RECORDS FOR THIS EXERCISE =>
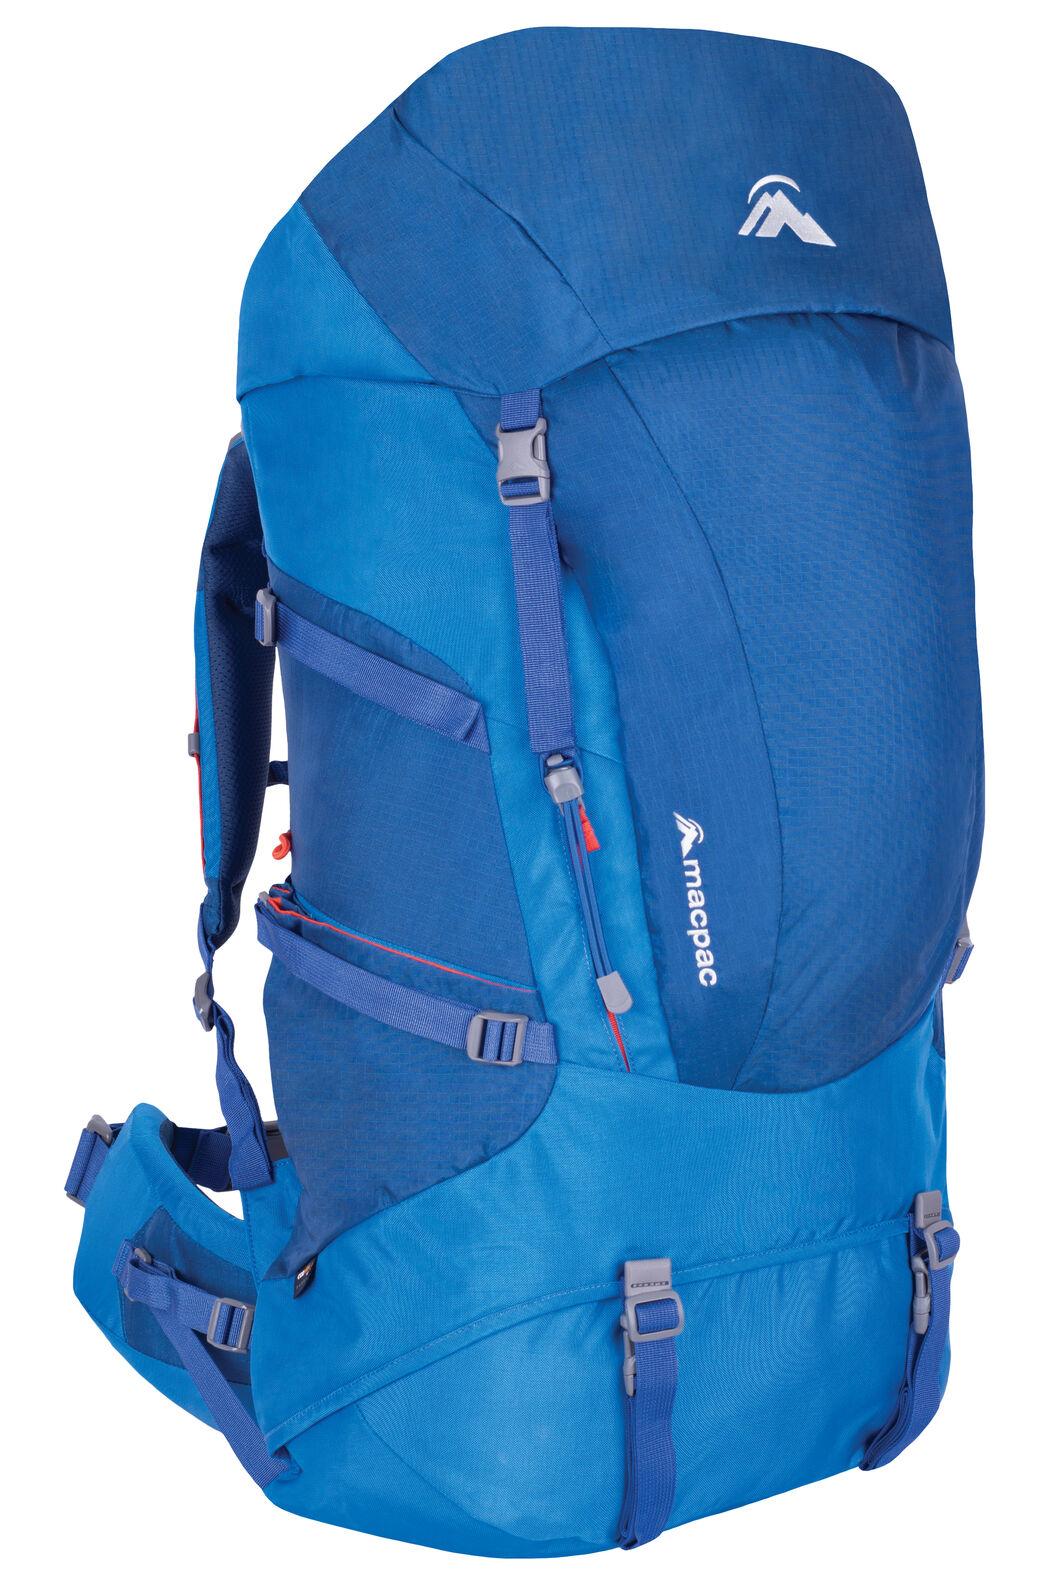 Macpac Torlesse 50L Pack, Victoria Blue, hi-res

---

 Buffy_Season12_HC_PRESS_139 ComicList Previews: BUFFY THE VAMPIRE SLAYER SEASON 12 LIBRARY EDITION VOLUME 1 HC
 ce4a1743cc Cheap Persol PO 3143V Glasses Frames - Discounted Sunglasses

DIRECTIONS FOR THIS TASK => Above are the entries. Copy exactly the part that opens with the line containing "Buffy_Season12_HC_PRESS_139 ComicList Previews: BUFFY" and closes with the line containing "ce4a1743cc Cheap Persol", and no more.

SOLUTION FOR THIS TASK =>
 Buffy_Season12_HC_PRESS_139 ComicList Previews: BUFFY THE VAMPIRE SLAYER SEASON 12 LIBRARY EDITION VOLUME 1 HC
 ce4a1743cc Cheap Persol PO 3143V Glasses Frames - Discounted Sunglasses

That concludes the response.